# 冰沙



## Staarkali

我朋友经常去一家饭店的菜单上有这个冰沙类，香味很多，可能我没去过，不知道这是什么，我朋友没给我解释，anyone knows?


----------



## nichec

Staarkali said:


> 我朋友经常去一家饭店的菜单上有这个冰沙类，香味很多，可能我没去过，不知道这是什么，我朋友没给我解释，anyone knows?


 
Shouldn't it be a kind of soft drink, something like Smoothies?

http://en.wikipedia.org/wiki/Smoothie


----------



## LikeBarleyBending

http://news.xinhuanet.com/food/2004-07/08/content_1582783.htm

应该就是你说的。一种冷饮。


----------



## hehehehe

granita ice with some fruits, not a drink, semi-frozen desert of sugar, fruits flavored


----------



## Staarkali

so smoothie is 冰沙, I was wondering about it also 

Thanks all!


----------



## samanthalee

I'm not sure about other places, but in Singapore 冰沙 refers to Ice-blended beverages. It's _ice_ and it's _grainy_ (like sand). Smoothies are a little too ... eh ... smooth to be called 冰沙.


----------



## kastner

A *smoothie* is a thick drink made from fruit crushed in a machine,  sometimes with yogurt or ice cream added.  - from Collins COBUILD

no, 冰沙 is like samanthalee says, ice been ground like sand


----------



## nichec

nichec said:


> Shouldn't it be a kind of soft drink, something like Smoothies?
> 
> http://en.wikipedia.org/wiki/Smoothie


 
Guys, I did say *something like Smoothies*, didn't I? 

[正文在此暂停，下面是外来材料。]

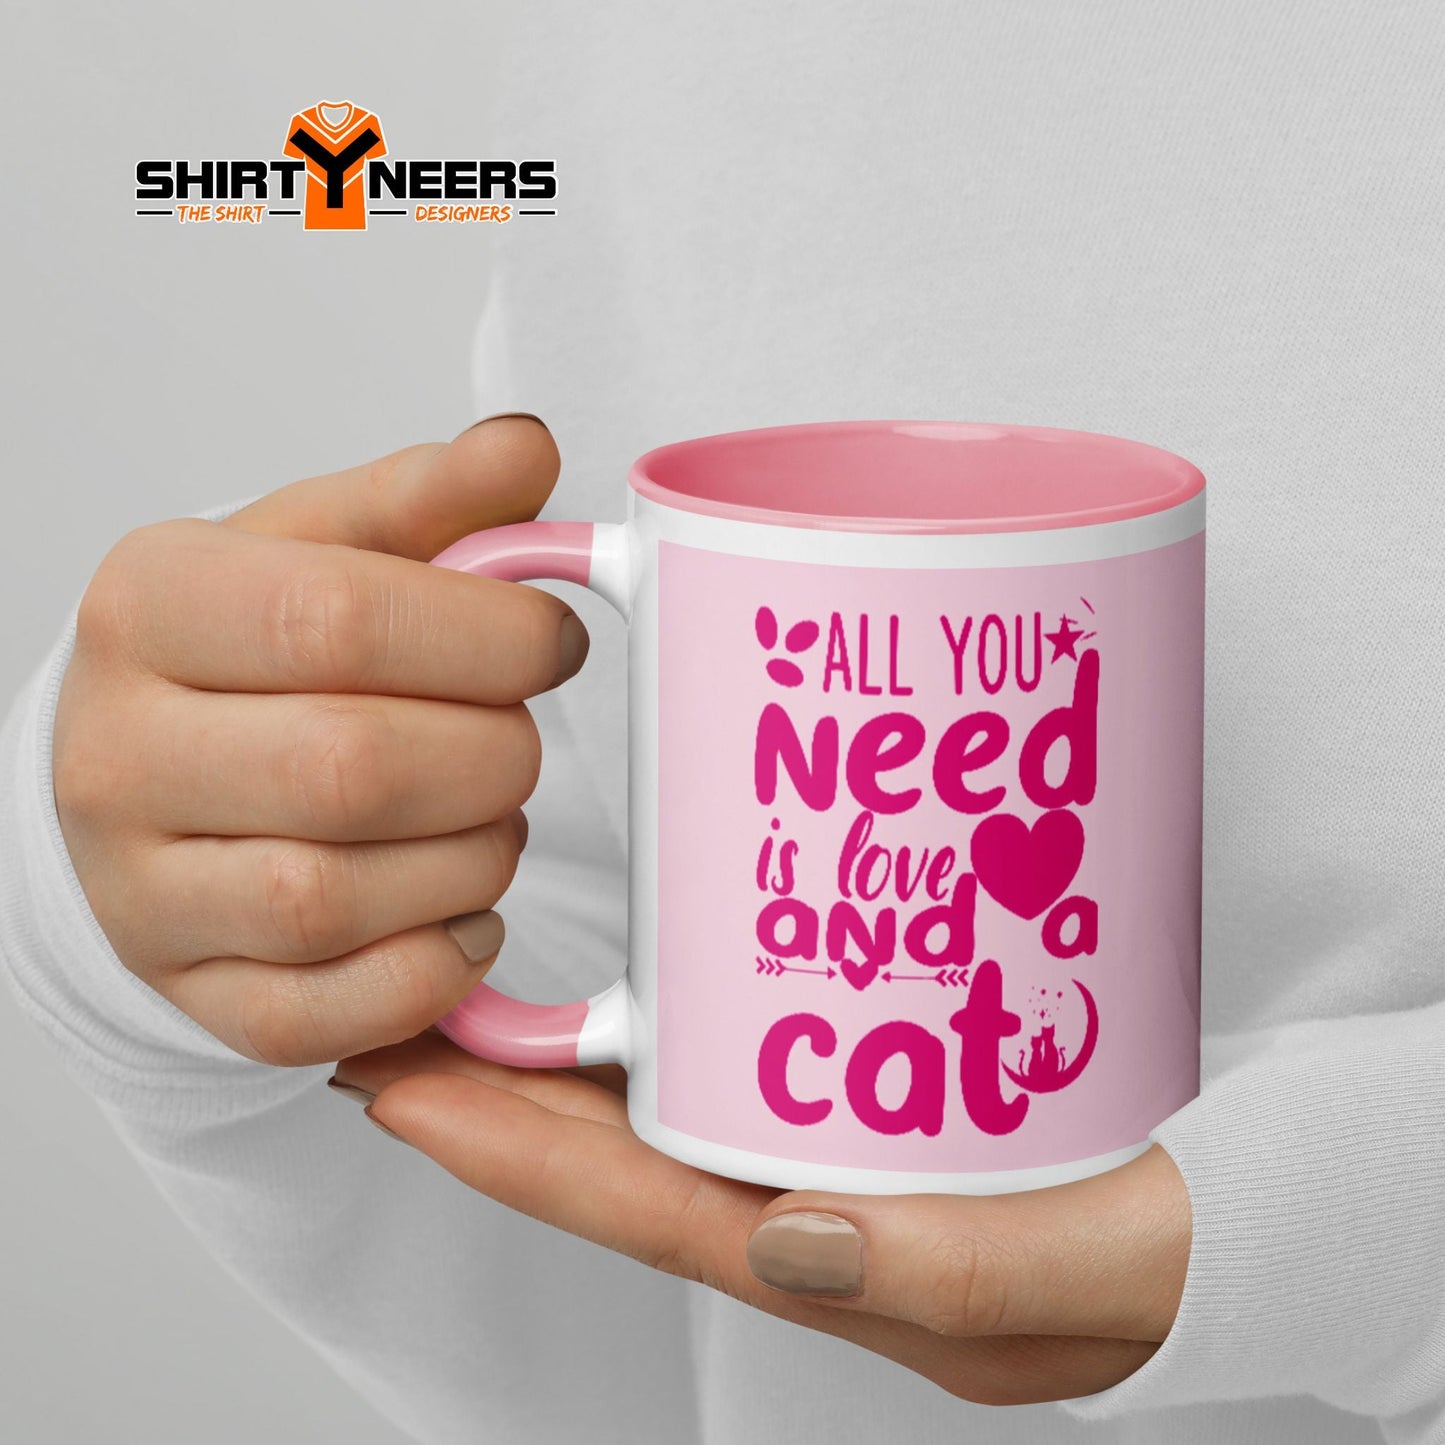 All you need is love and a cat – Tasse mit Aufdruck - Pink /

They are different, of course, but I don't think there's an exact name for 冰沙 in English.


----------



## samanthalee

nichec said:


> Guys, I did say *something like Smoothies*, didn't I?
> 
> They are different, of course, but I don't think there's an exact name for 冰沙 in English.



Ah yes. You did say "*something like*".  I've just discovered that *Ice-blended* is a registered trademark of Coffee Beans & Tea Leaves. It never occurs to me that a term as generic as *Ice-blended*  can be a _registered trademark_.

I guess there is indeed no exact English term for 冰沙. Can _Slush_ be an acceptable equivalence? A widely known Slush drink is the  7-11 Slurpee (思乐冰) which I consider to be a kind of 冰沙 too.


----------



## nichec

samanthalee said:


> Ah yes. You did say "*something like*".  I've just discovered that *Ice-blended* is a registered trademark of Coffee Beans & Tea Leaves. It never occurs to me that a term as generic as *Ice-blended* can be a _registered trademark_.
> 
> I guess there is indeed no exact English term for 冰沙. Can _Slush_ be an acceptable equivalence? A widely known Slush drink is the 7-11 Slurpee (思乐冰) which I consider to be a kind of 冰沙 too.


 
Oh, talking about Coffee Beans & Tea Leaves, I think they have some sort of 冰沙 in Starbucks too...............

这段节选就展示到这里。